[DATA BELOW]:
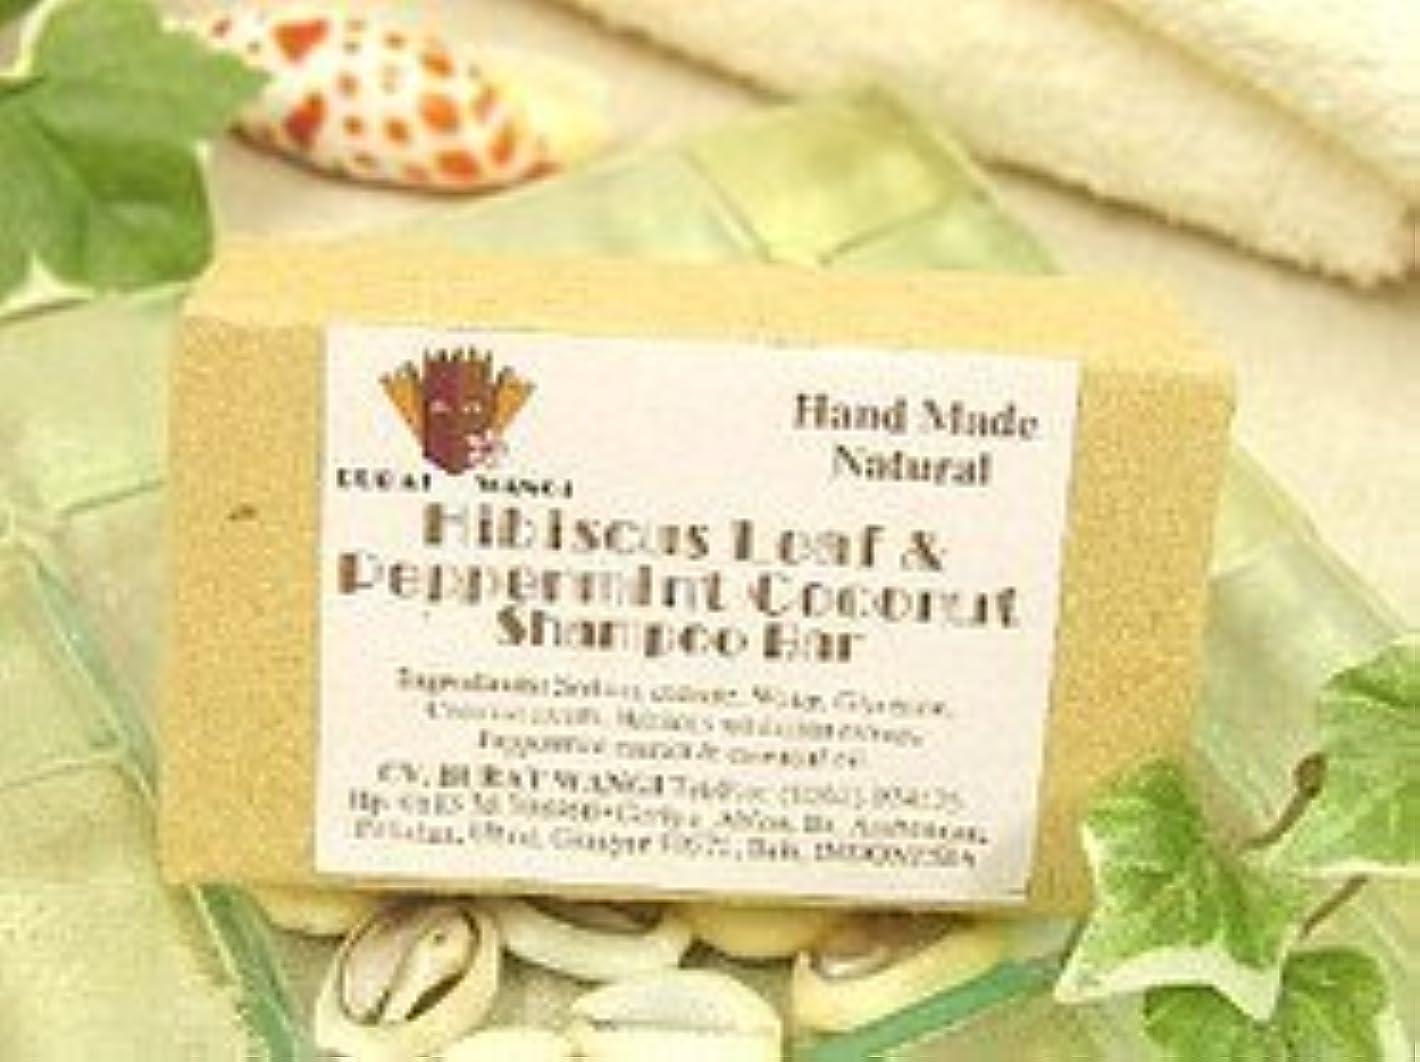 提案スラッシュスイココナッツ 石鹸 シャンプーバー ブラットワンギ 手作り 純石鹸 ハイビスカスリーフ&ペパーミント アジアン雑貨
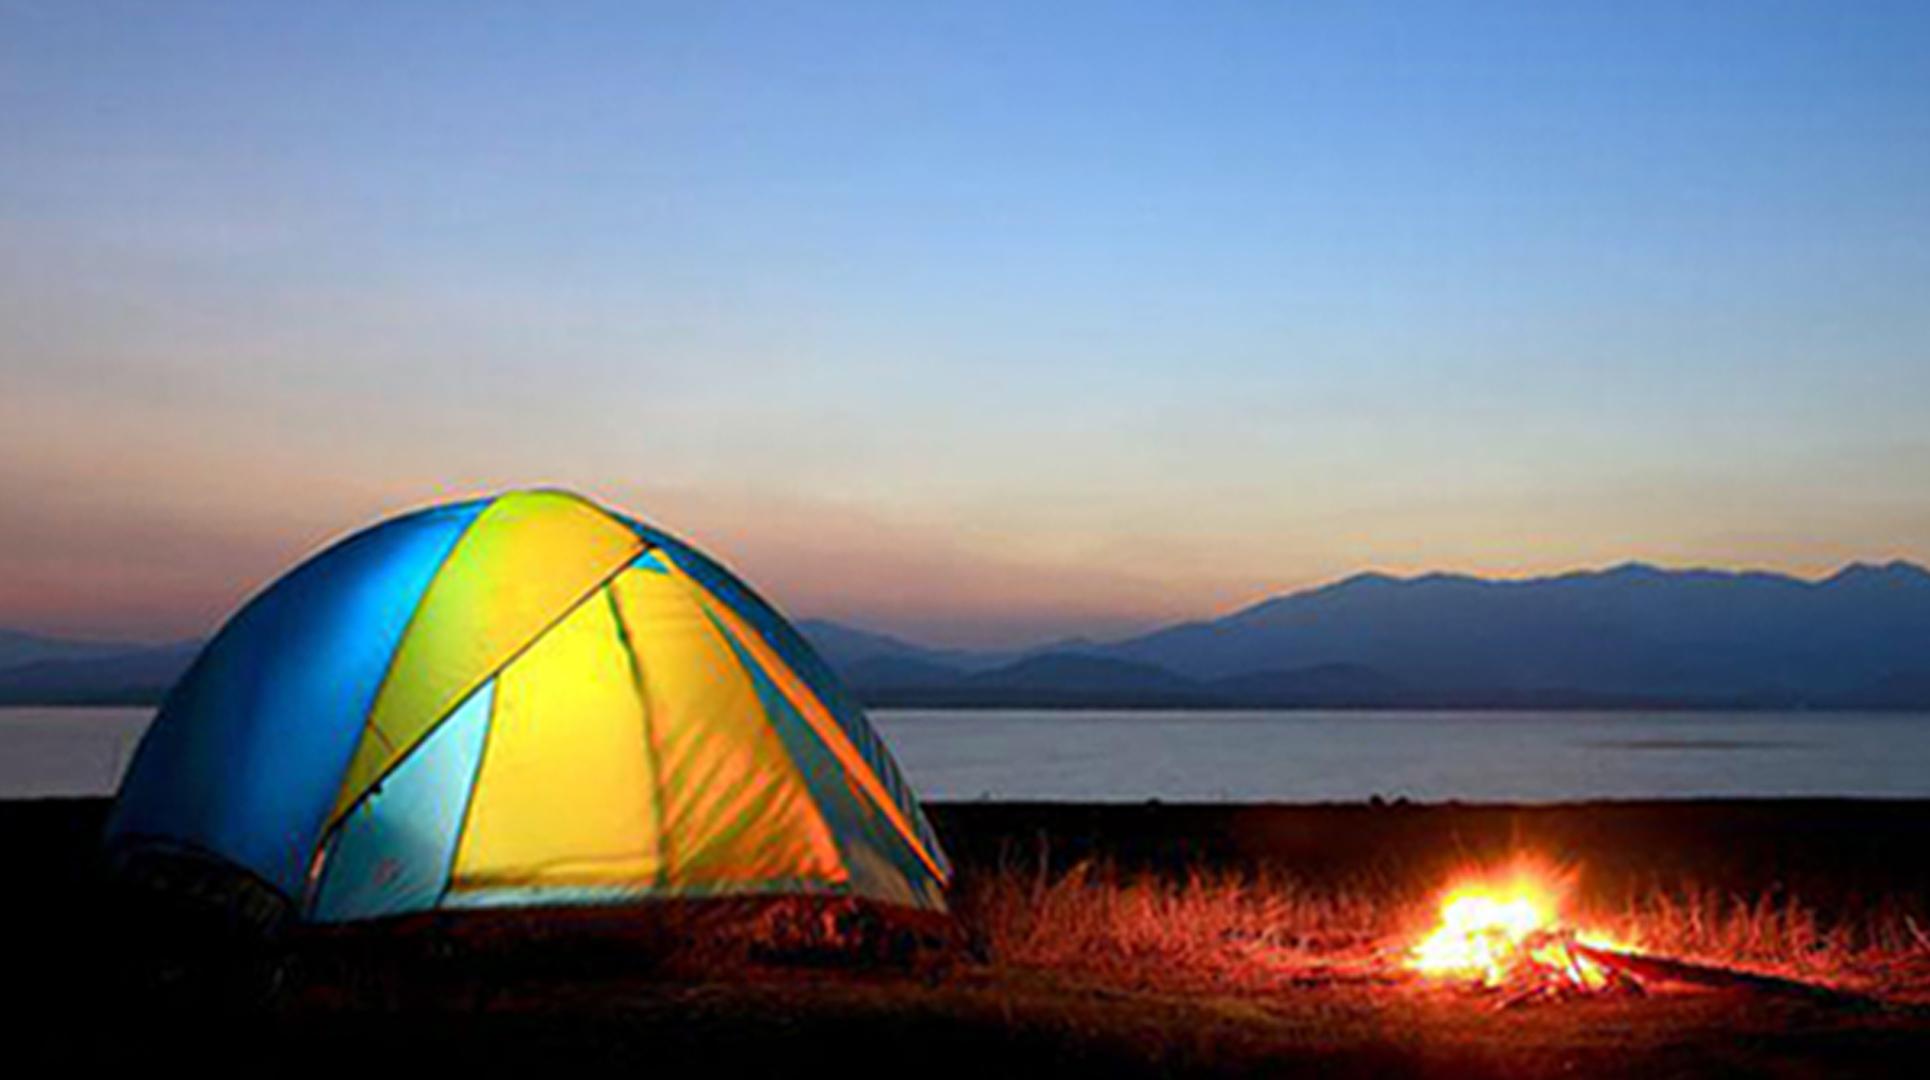 Elementaita Camping
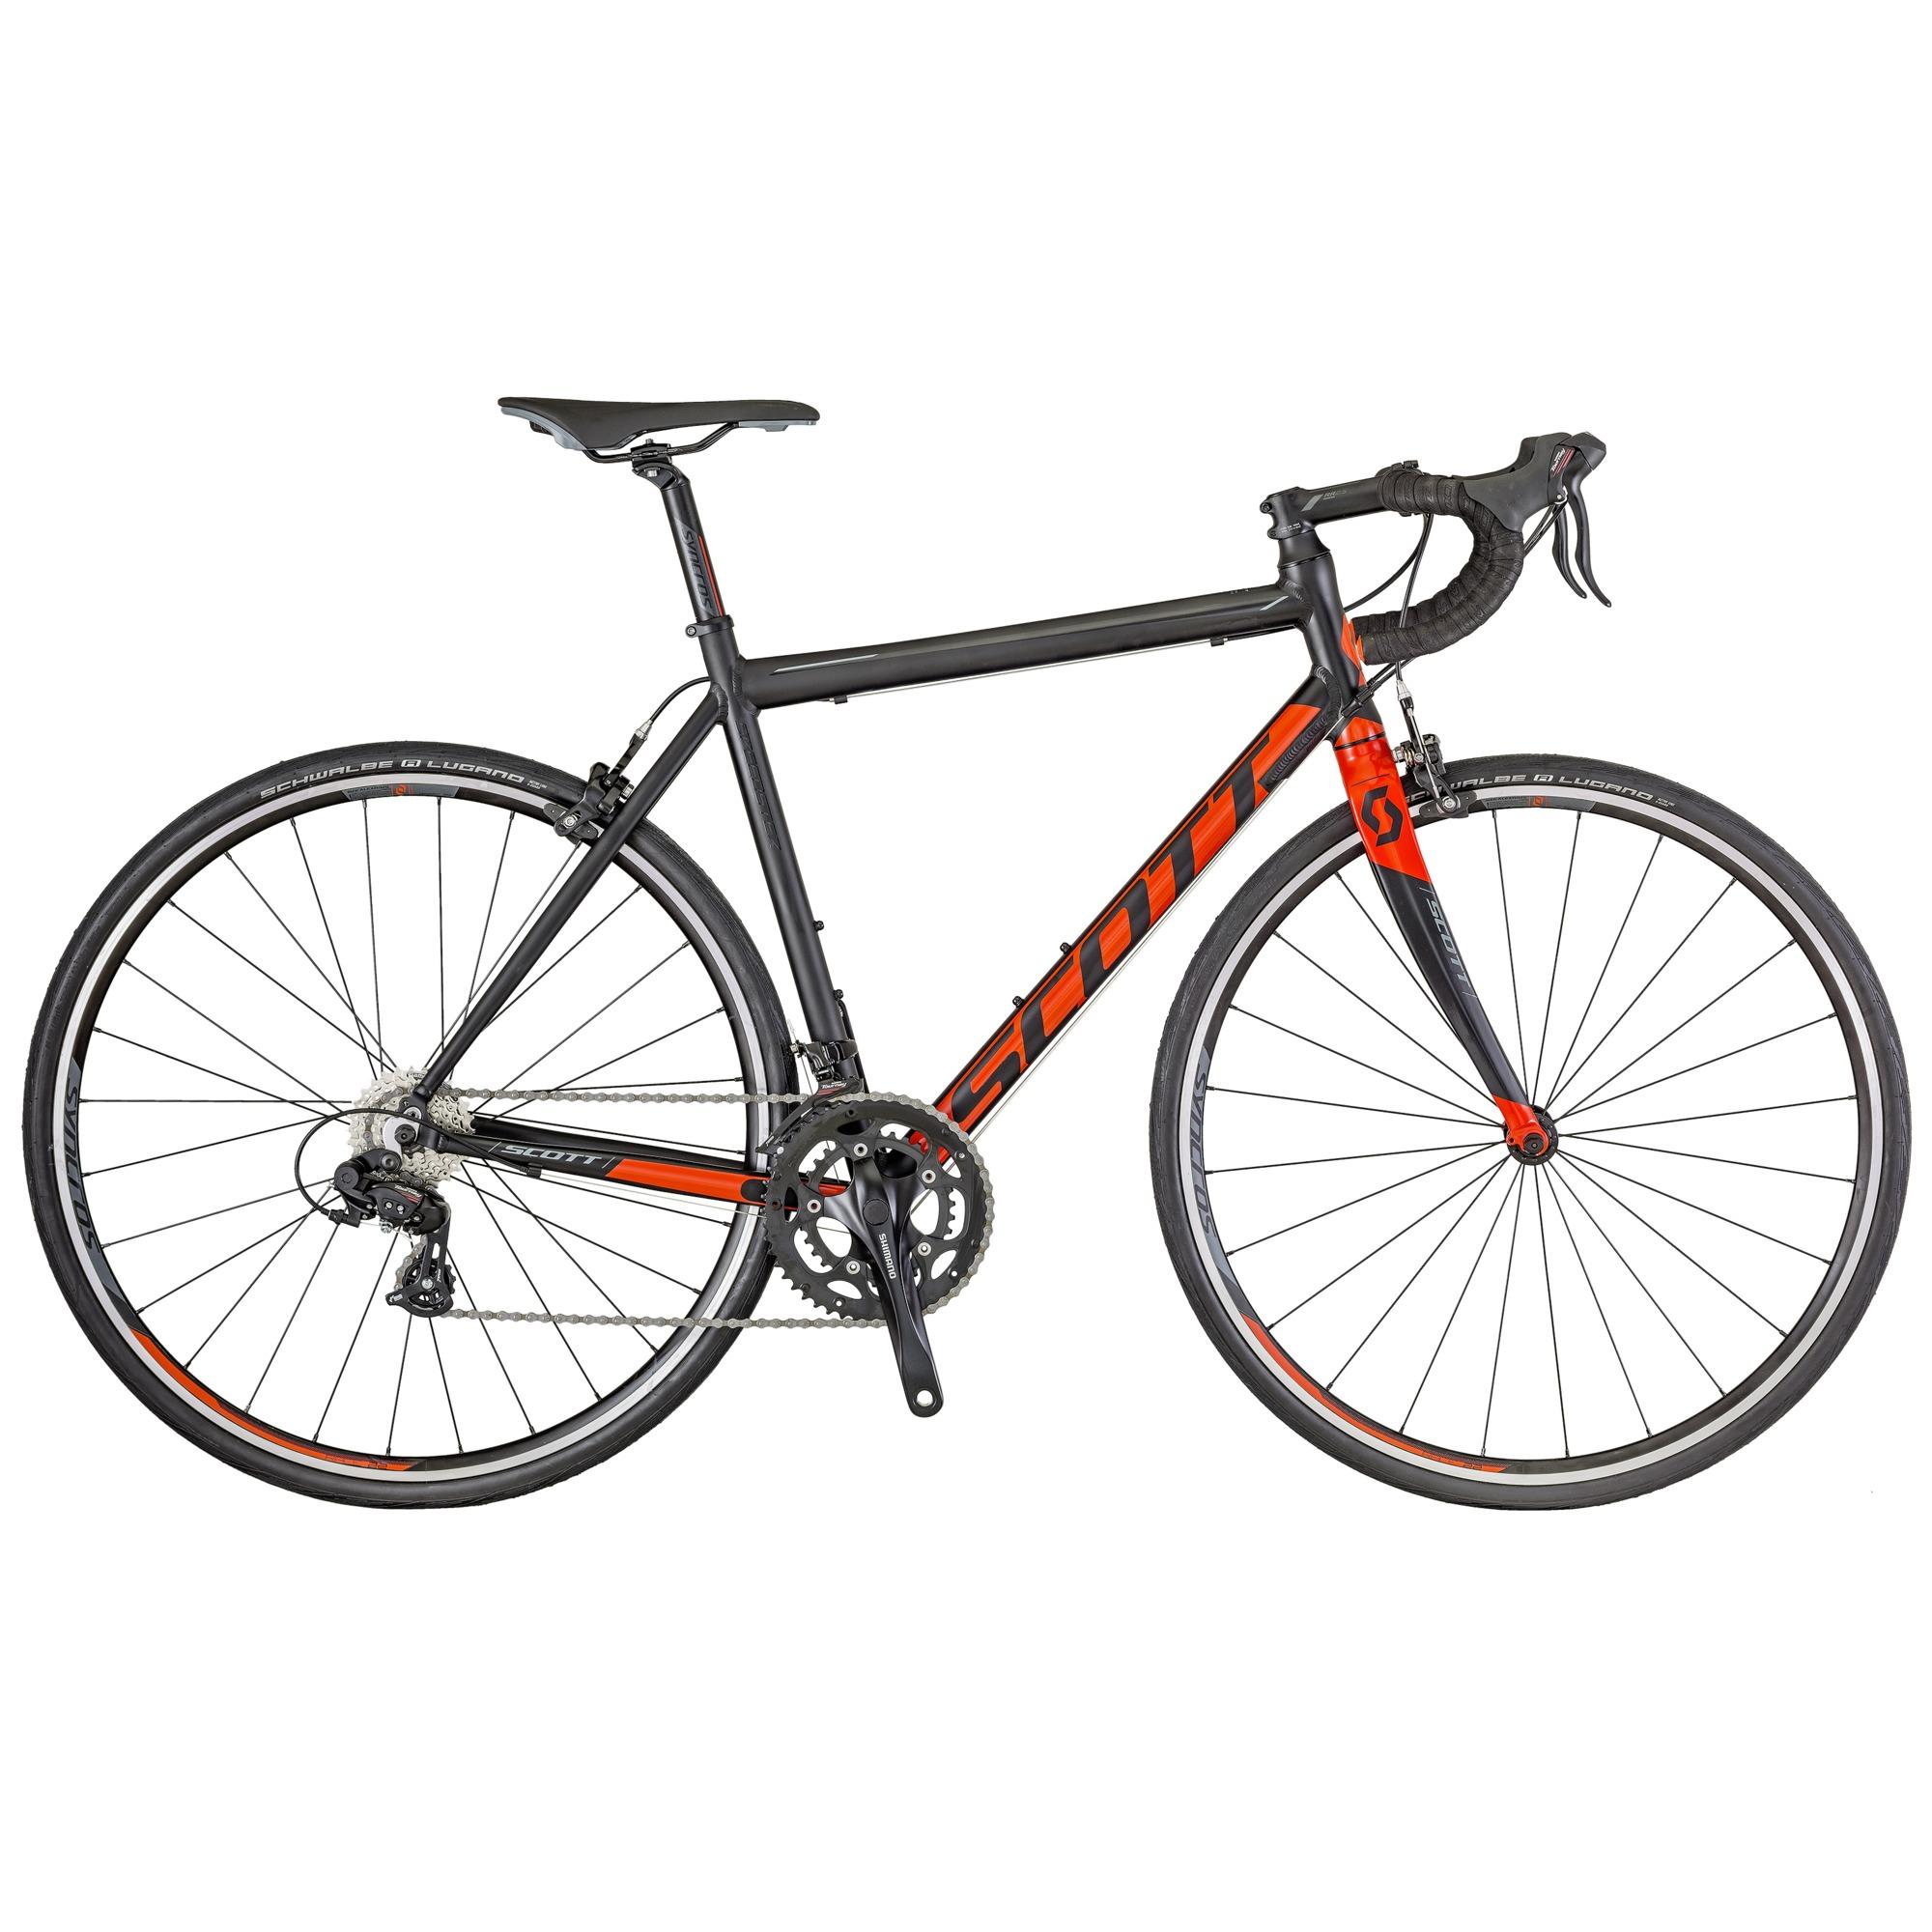 SCOTT Speedster 50 Bike 2XL61 - Zweirad Homann

[TASK GOAL]: Output each of the lines above exactly, apart from the images.

[YOUR RESPONSE]:
 提案スラッシュスイココナッツ 石鹸 シャンプーバー ブラットワンギ 手作り 純石鹸 ハイビスカスリーフ&ペパーミント アジアン雑貨
 Elementaita Camping
 SCOTT Speedster 50 Bike 2XL61 - Zweirad Homann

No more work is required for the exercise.